With the growing community came kosher restaurants — Nemtzov’s and Diamond’s butchers shops provided meat, and Levey’s kosher grocery provided rye bread and fresh herring flown in from Glasgow — and the establishment of the Jaffe School for the Jewish Children of Belfast, founded by Otto Jaffe, the first and only Jewish lord mayor of Belfast.

It was during the start of the “Troubles” — a 40-year violent political conflict between Northern Ireland’s Unionist and Republican contingents in the late 1960s — that Belfast’s Jewish community first began to lose its numbers. But the primary turning points, Simon said, came in the ’70s and ’80s, when attacks were made on key Jews. The 1977 shooting of local business mogul Leonard Steinberg, though purely economic, made the community uneasy. Steinberg survived, and when he relocated to Manchester, England, much of the community followed.

The unease deepened in 1980 when Steinberg’s friend, local antiques dealer Leonard Kaitcer, was kidnapped for ransom and then murdered. Gillian Price, who relocated to Manchester with three other families, said that at that point, “a lot of Jewish families, especially those with children, decided they didn’t want to live there anymore.”

Eventually, Belfast’s kosher butcher and Hebrew school shuttered.

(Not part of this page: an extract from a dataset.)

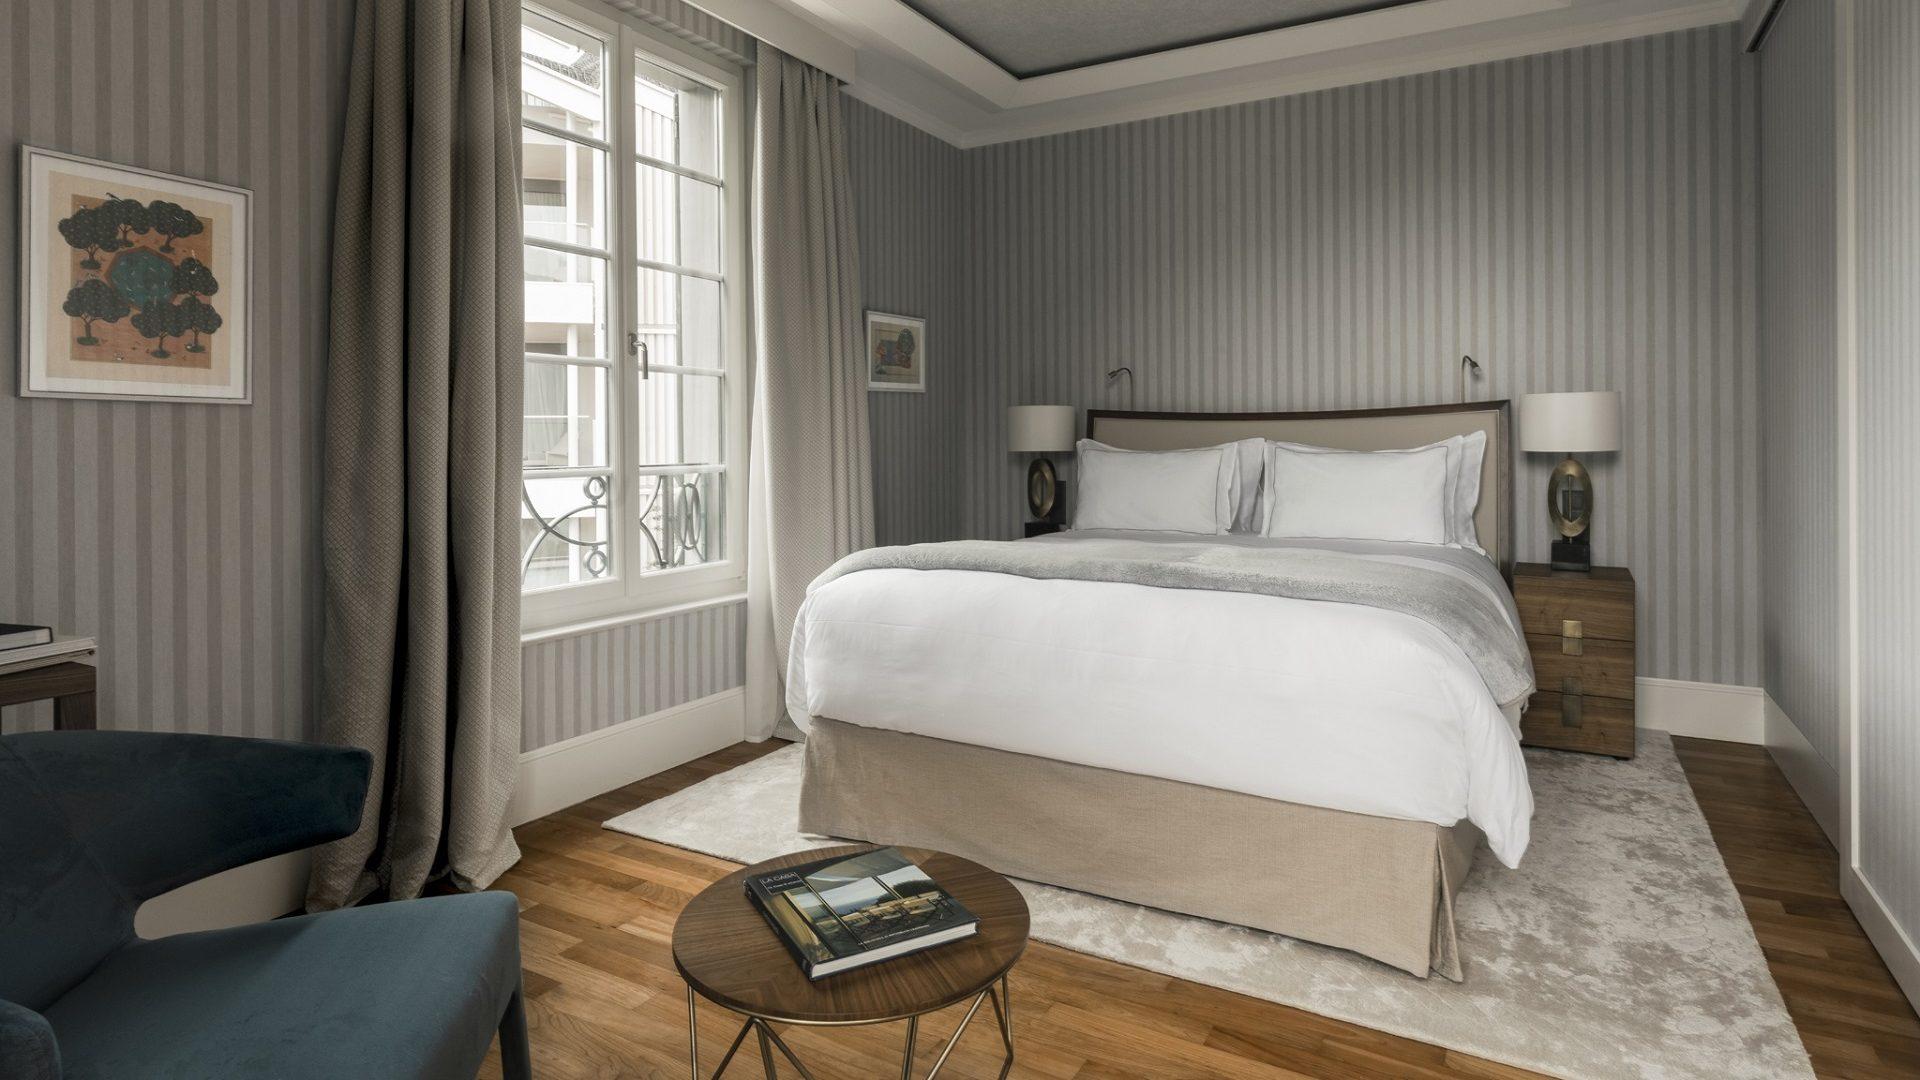 Chenot-Palace-Weggis_Single-Classic-Room_1920px.jpg

Since giving their children a Jewish education was a top priority for members of the Orthodox community, many of them moved away.

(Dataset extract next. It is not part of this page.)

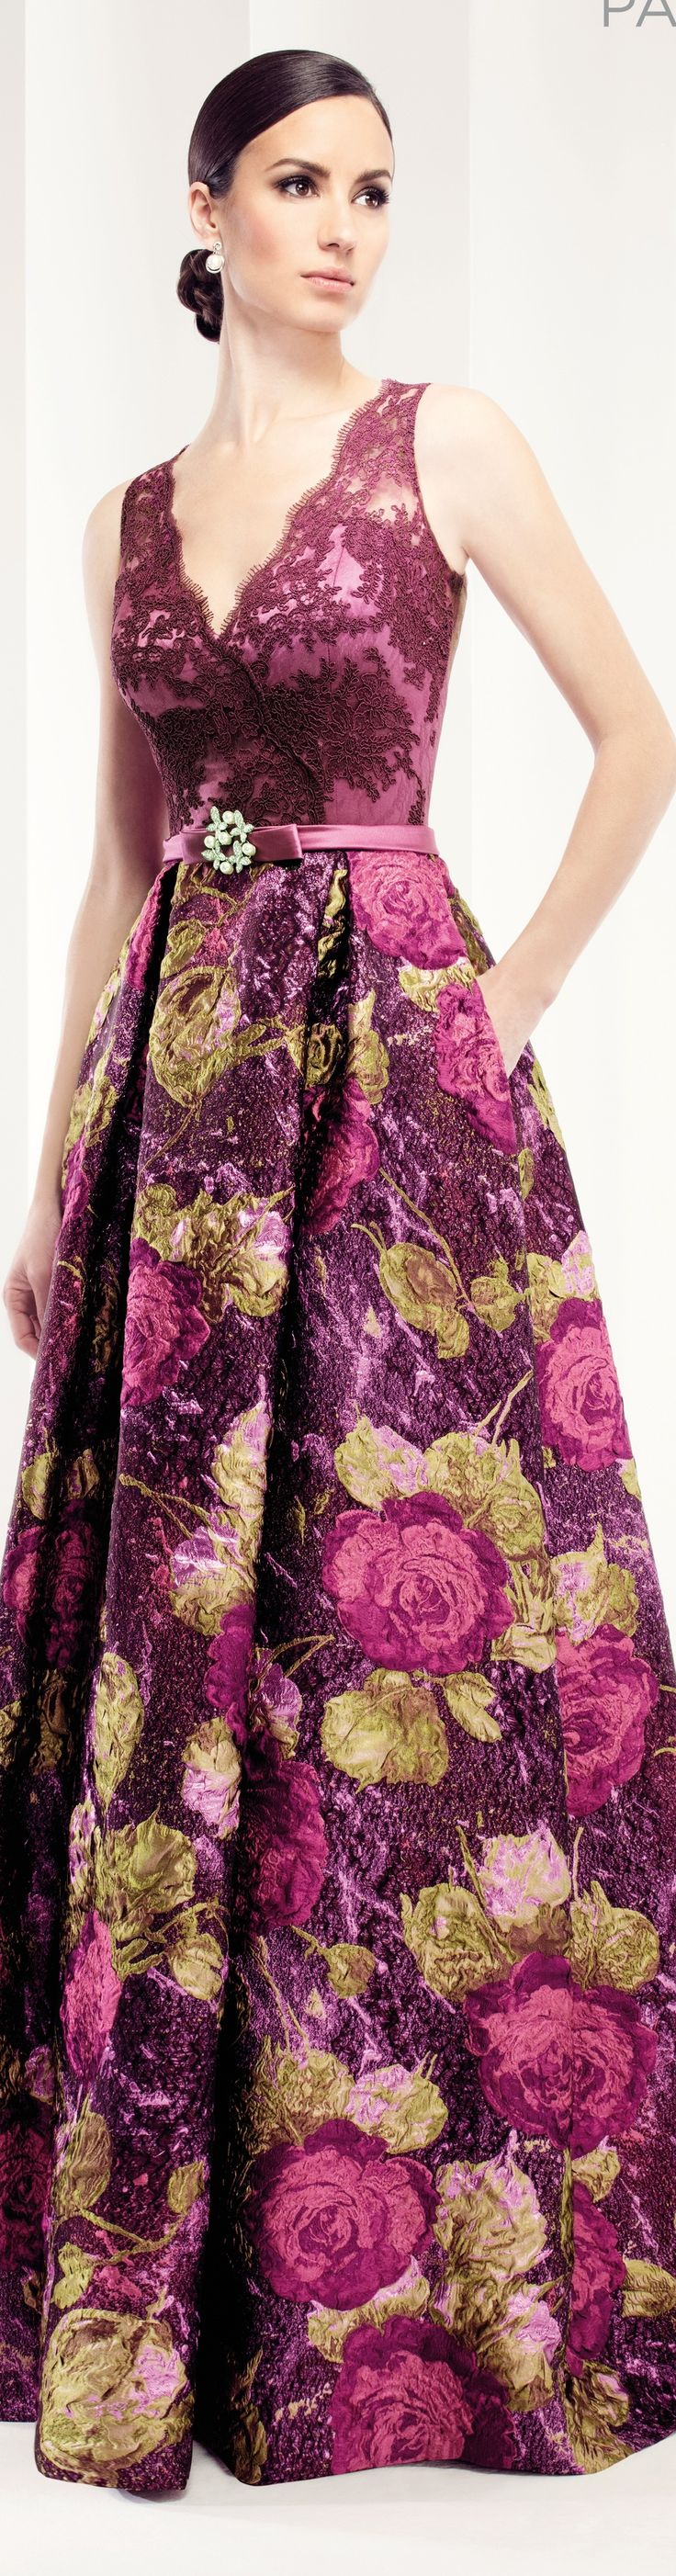 Patricia Avendano women fashion outfit clothing style apparel @roressclothes closet ideas

Today, the declining population is affecting all facets of Belfast’s Jewish community. “Children go away for university now, and they don’t come back,” Simon said. The Belfast Jewish Record once produced 10 issues per year; now it produces three. Its December issue documented the Jewish Belfast reunion that took place in November. More than 125 ex-Belfasters traveled from across the globe to reunite with friends and relatives. “We finished up with a very emotional rendition of ‘Hatikvah,’ and with hearts bursting with pride in our heritage, we said farewell,” columnists Joy Brown and Barbara Abraham-Vazana wrote.

While the majority of the community seems resigned to the continued diminishment of its numbers, some are intent on not allowing the marks of Jewish culture to fade. Katy Radford, who recently won an MBE, or an Order of the British Empire — an honor bestowed by the queen — for her service to community relations in Northern Ireland, received for the second year in a row a grant from the European Union to exhibit and promote Jewish arts and culture in the region. Events in 2011 will include a jazz work based on the book “The Chronicles of Narnia,” by local composer and drummer David Lyttle and Israeli pianist prodigy Ariel Lanyi, and an exhibition of a series of cartoons on the Middle East conflict, by several Pulitzer Prize-winning artists. “I think in a community that is getting smaller… and where there are challenges to how the most observant are able to live, it was important to me that the contribution made by Jews in Ireland was allowed to be celebrated,” Radford said.

Rabbi Menachem Brackman, leader of the Belfast Synagogue, also refuses to think in terms of the end. He’s fundraising for a new mikveh — the old one was lost in a real estate transaction in the 1980s — in hopes of attracting more Jews to the area, and he continues to strive to convince those Belfast Jews that have turned away from their faith to reassess. “Anything is possible,” he said. “People have predicted the demise of Jewish communities all over the world, and people have been wrong. Jews are unpredictable.”

Katherine Clarke is a journalist from Northern Ireland who is based in New York City. Her work also has appeared in The New York Observer and The Wall Street Journal.